Published online by Cambridge University Press: 05 June 2012
A View with no Room
Is the psychology of deduction about the few well-known laboratory tasks in which subjects are presented with logical puzzles and asked to solve them: the selection task, syllogisms, the suppression task, conditional reasoning, …? And if our capacity of deduction is not just for performing these tasks, what is it for? What everyday functions does it serve? How are theoretical analyses of deductive performance in these laboratory tasks related to analyses of other cognitive functions?
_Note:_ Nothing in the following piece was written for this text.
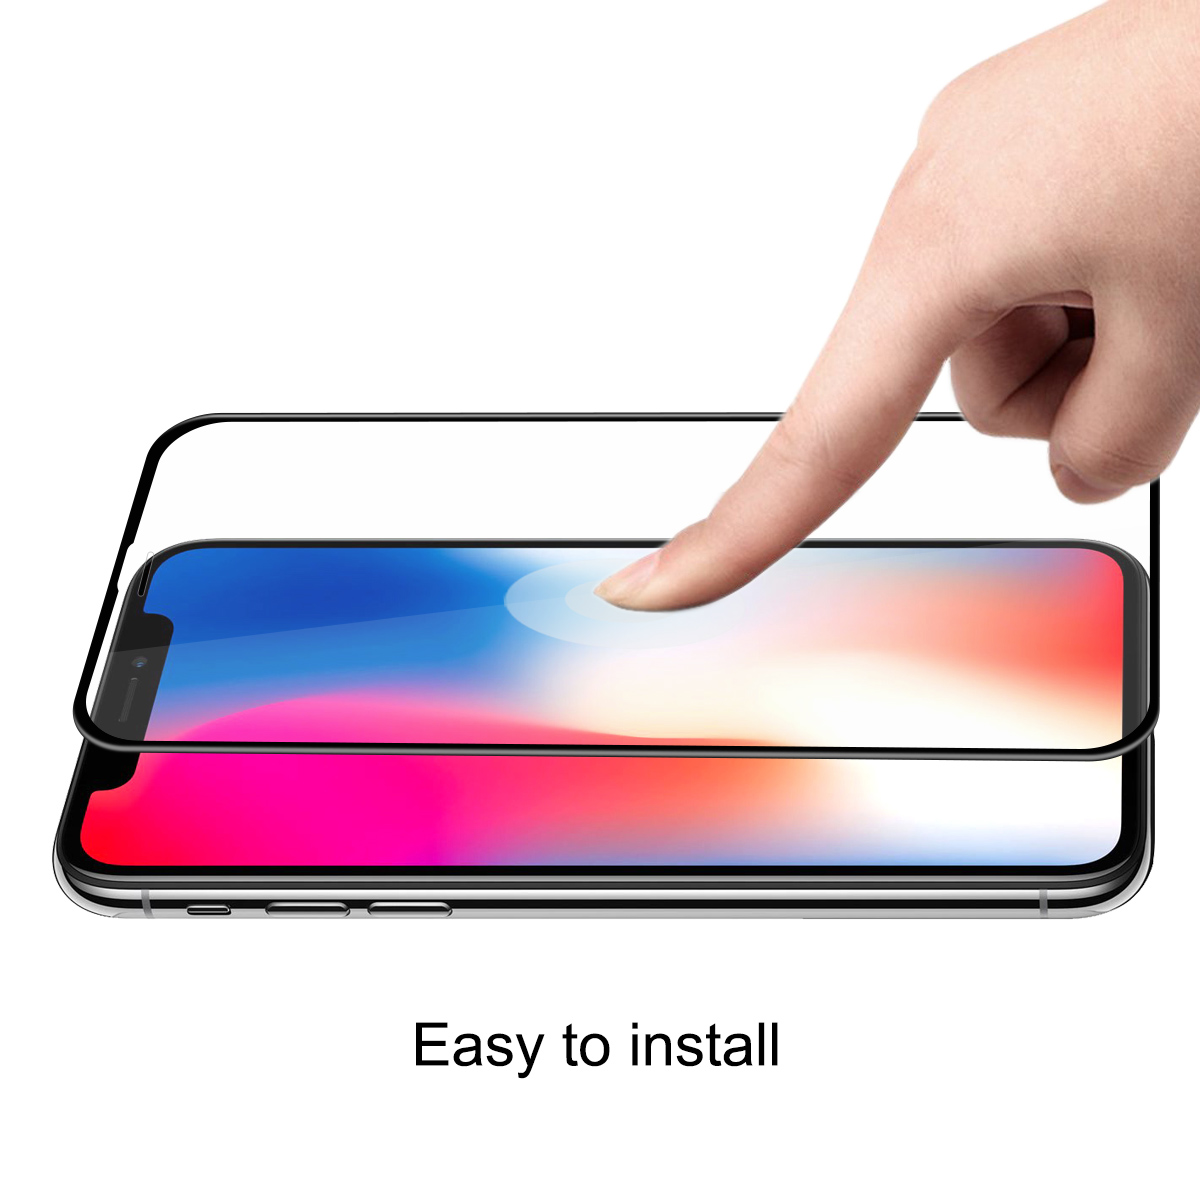 Enkay-02mm-6D-Curved-Edge-Soft-TPU-Tempered-Glass-Screen-Protector-For-iPhone-XSiPhone-XiPhone-11-Pr-1335388-4

From the position of being absolutely central in the cognitive revolution, which was founded on conceptions of reasoning, computation and the analysis of language, the psychology of deduction has gone to being the deadbeat of cognitive psychology, pursued in a ghetto, surrounded by widespread scepticism as to whether human reasoning really happens outside the academy. “Isn't what we really do decision?” we increasingly often hear. Many eminent psychology departments do not teach courses on reasoning. Imagine such a psychology department (or indeed any psychology department) not teaching any courses on perception. Even where they do teach reasoning they are more likely to be focused on analogical reasoning, thought of as a kind of reasoning at the opposite end of some dimension of certainty from deduction.
We believe that the reason for this ghettoisation can be traced to a series of assumptions which we will consider shortly. We will argue that the way out of the ghetto is to drop these assumptions, none of which bears scrutiny anyway.